I hope instead that when you are “old and gray and full of sleep,” as the poet William Butler Yeats once wrote, that you can say that your goal in life was not the perfection of work alone but the perfection of a life.

—Doris Kearns Goodwin at Dartmouth, 1998

This is not the Worcester, Mass., Boat Show, is it? I am sorry. I have made a terrible mistake. Ever since I left Saturday Night Live, I mostly do public speaking now. And I must have made an error in the little Palm Pilot. Boy. Don’t worry. I got it on me. I got the speech on me. Let’s see. Ah, yes. Here we go.

—Will Ferrell at Harvard, 2003

Don’t let The New York Times article about the brilliant success of Wellesley graduates in the business world fool you — there’s still a glass ceiling. Don’t let the number of women in the work force trick you — there are still lots of magazines devoted almost exclusively to making perfect casseroles and turning various things into tents.

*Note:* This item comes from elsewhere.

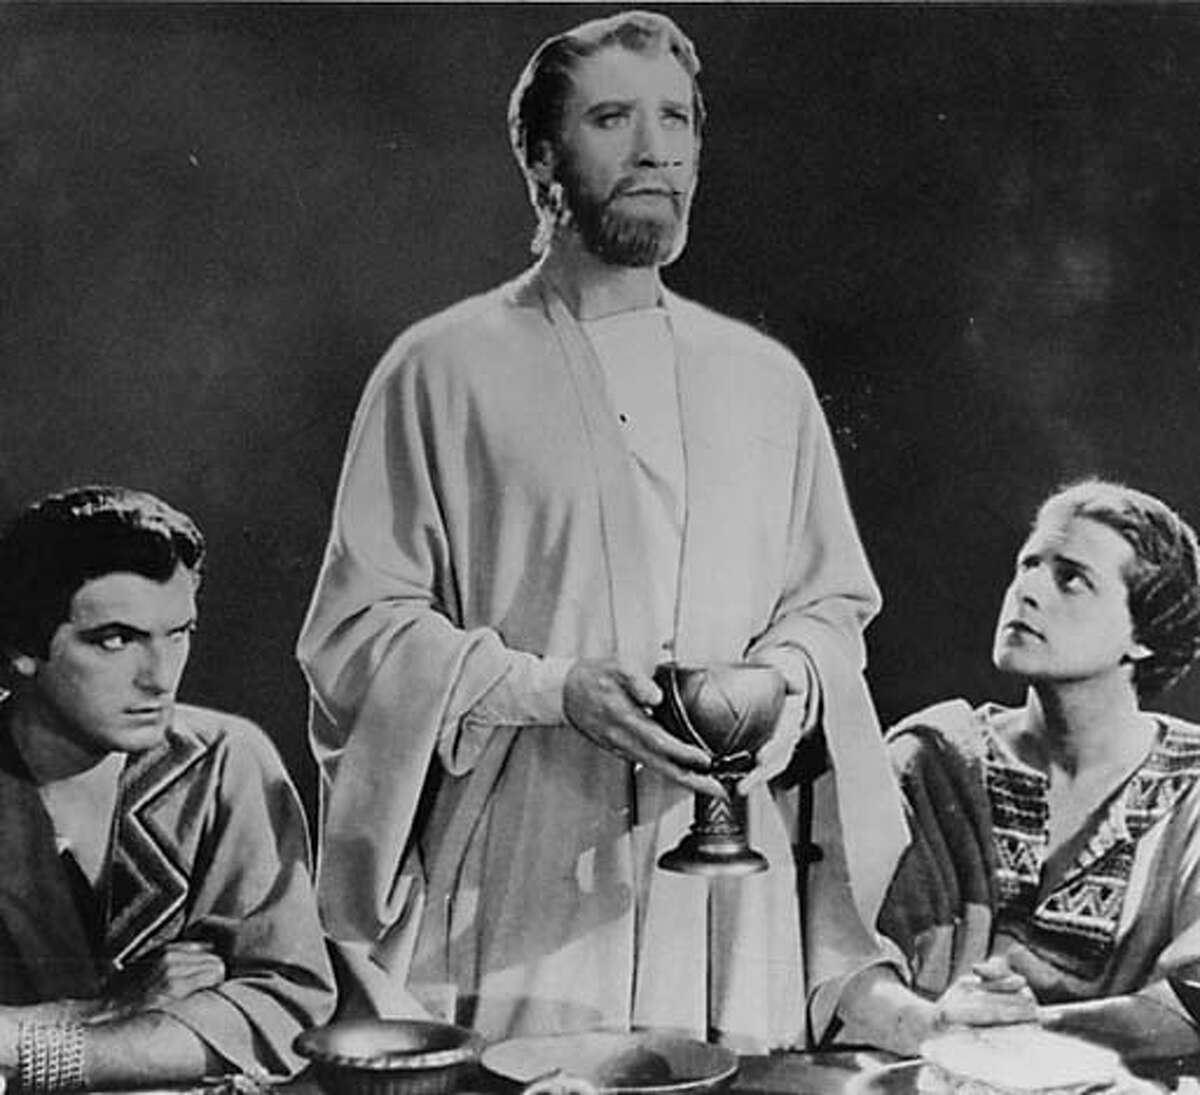 Starring H.B. Warner, in this story of the crucifixion and the resurrection. This 1927 Cecil B. Demille Classic was considred controversial at the time because Demille used an actor, Warner, to portray Christ, something which had never been done before. A very special movie for this special Easter Sunday.

—Nora Ephron at Wellesley College, 1996

A commencement speech is a particularly difficult assignment. The speaker is given no topic and is expected to be able to inspire all the graduates with a stirring speech about nothing at all. I suppose that’s why so many lawyers are asked to be commencement speakers; they’re in the habit of talking extensively even when they have nothing to say.